Start of Block

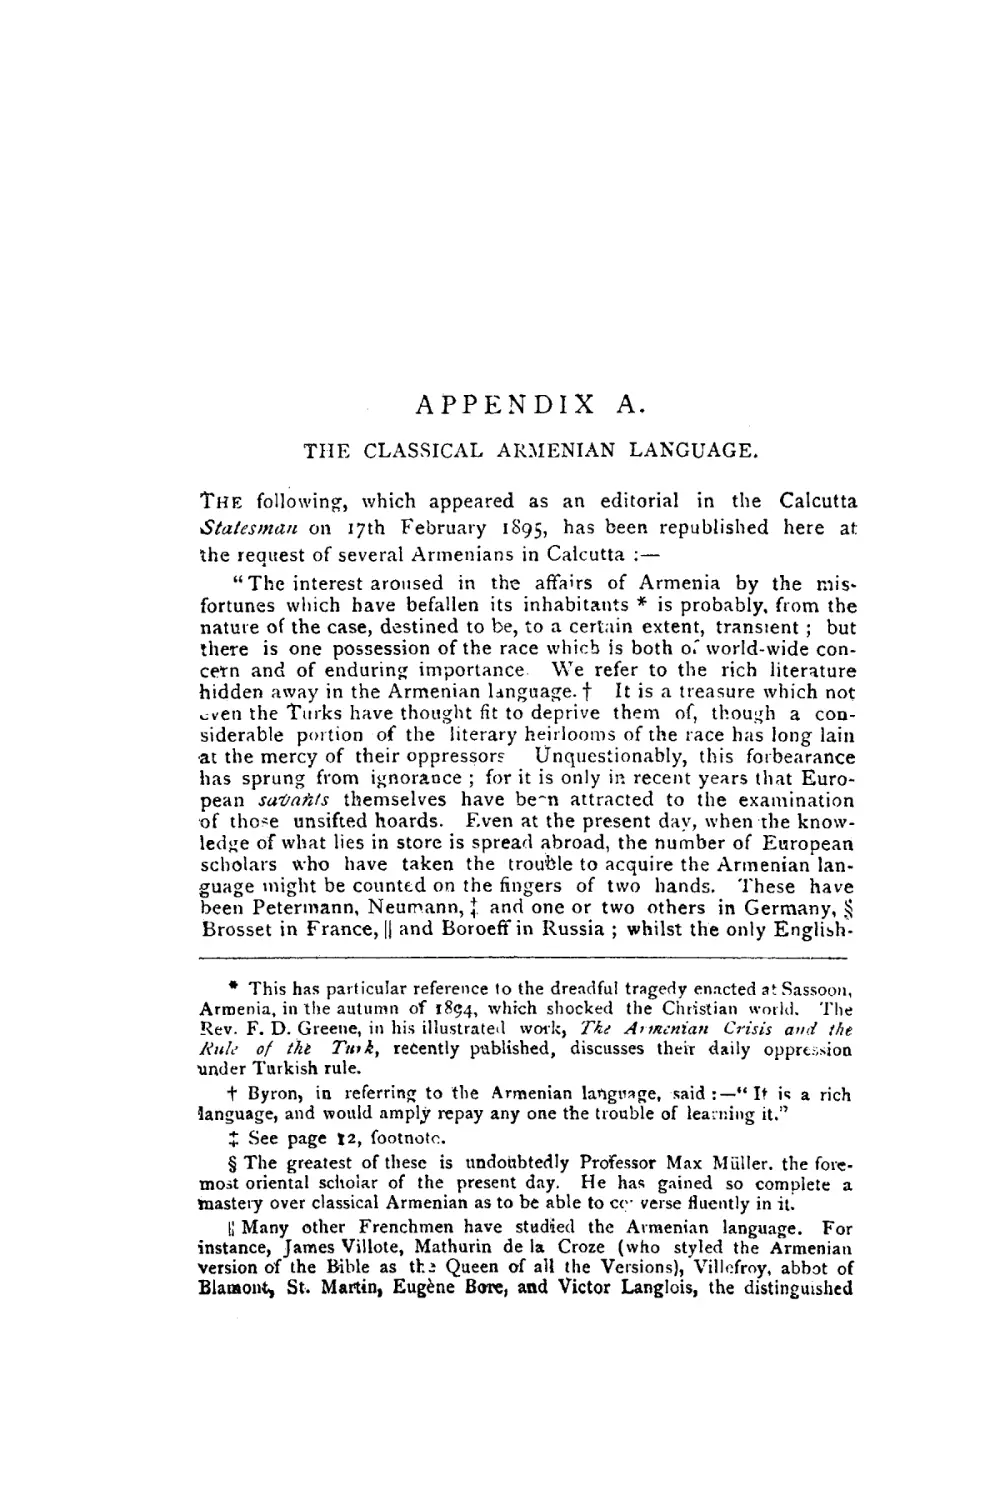 APPENDICES
APPENDIX A. THE CLASSICAL ARMENIAN LANGUAGE
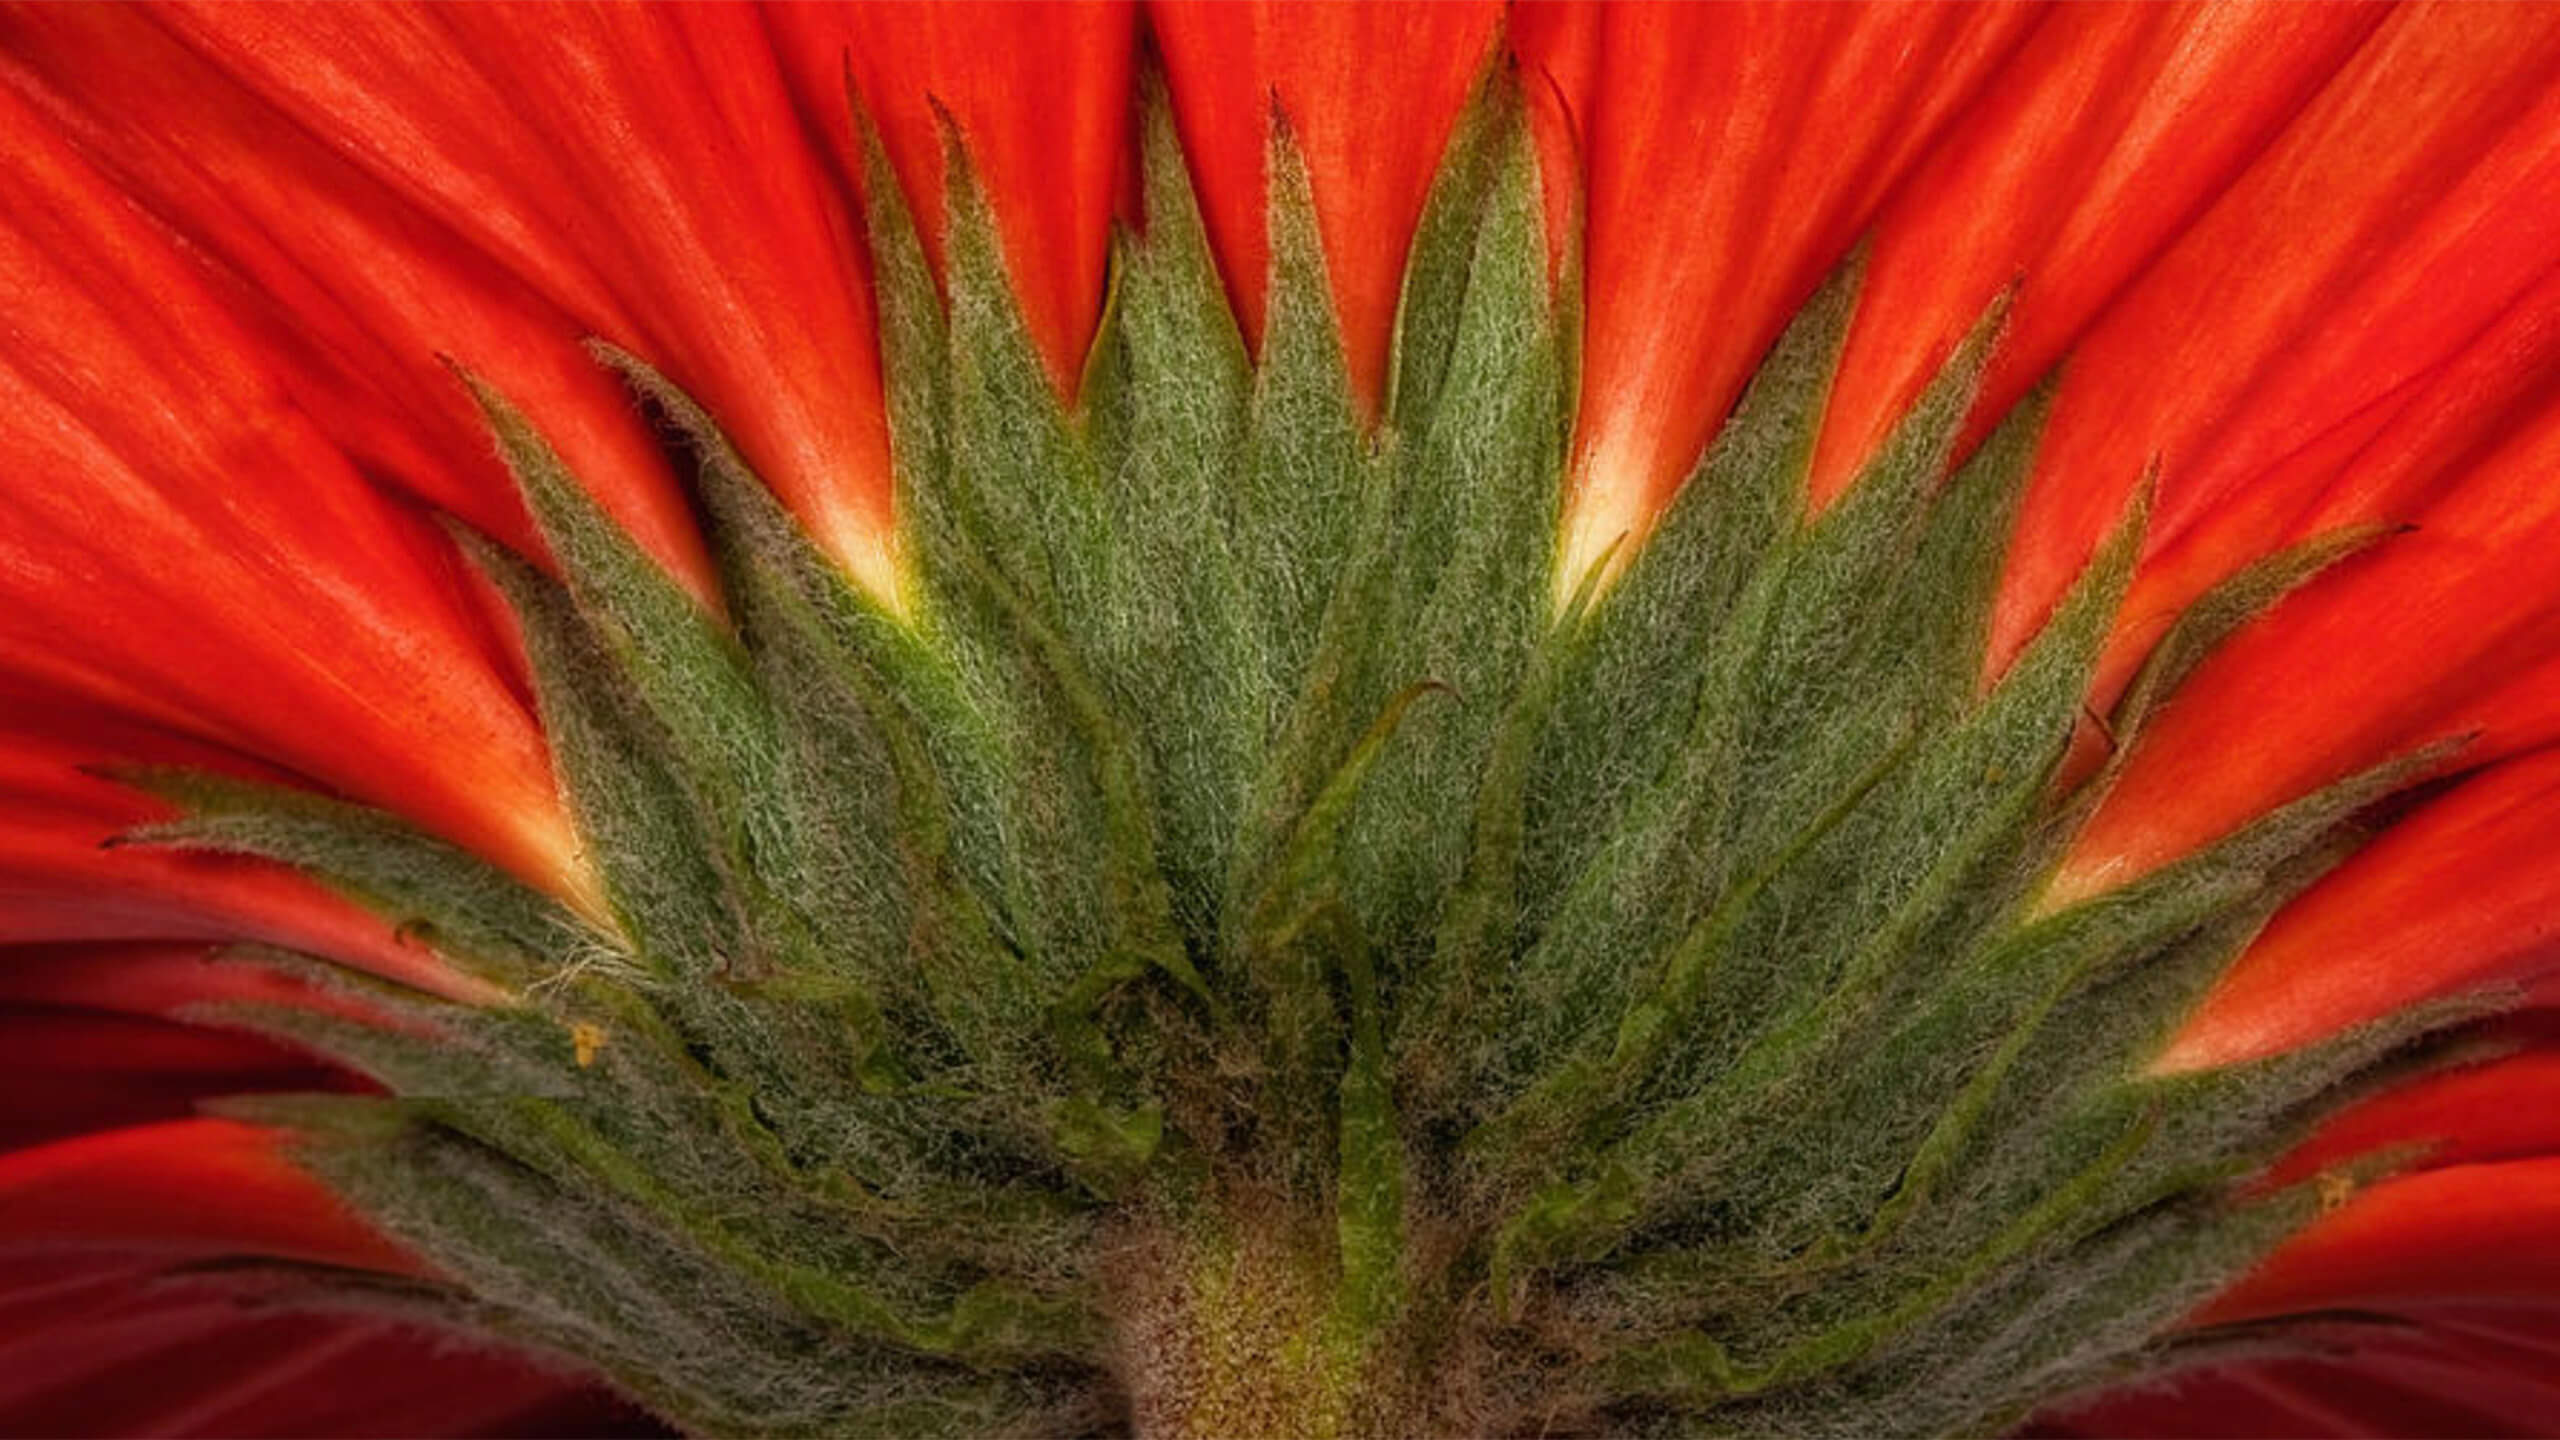 Screen-Shot-red-gerber-daisy-coates-2560p

End of Block

| WHAT IS REQUIRED |
Pick up at the line containing "APPENDIX A. THE CLASSICAL ARMENIAN LANGUAGE" and copy each line exactly until the data ends, including that last line; copy no pictures.

| SOLUTION TO THE PROBLEM |
APPENDIX A. THE CLASSICAL ARMENIAN LANGUAGE
 Screen-Shot-red-gerber-daisy-coates-2560p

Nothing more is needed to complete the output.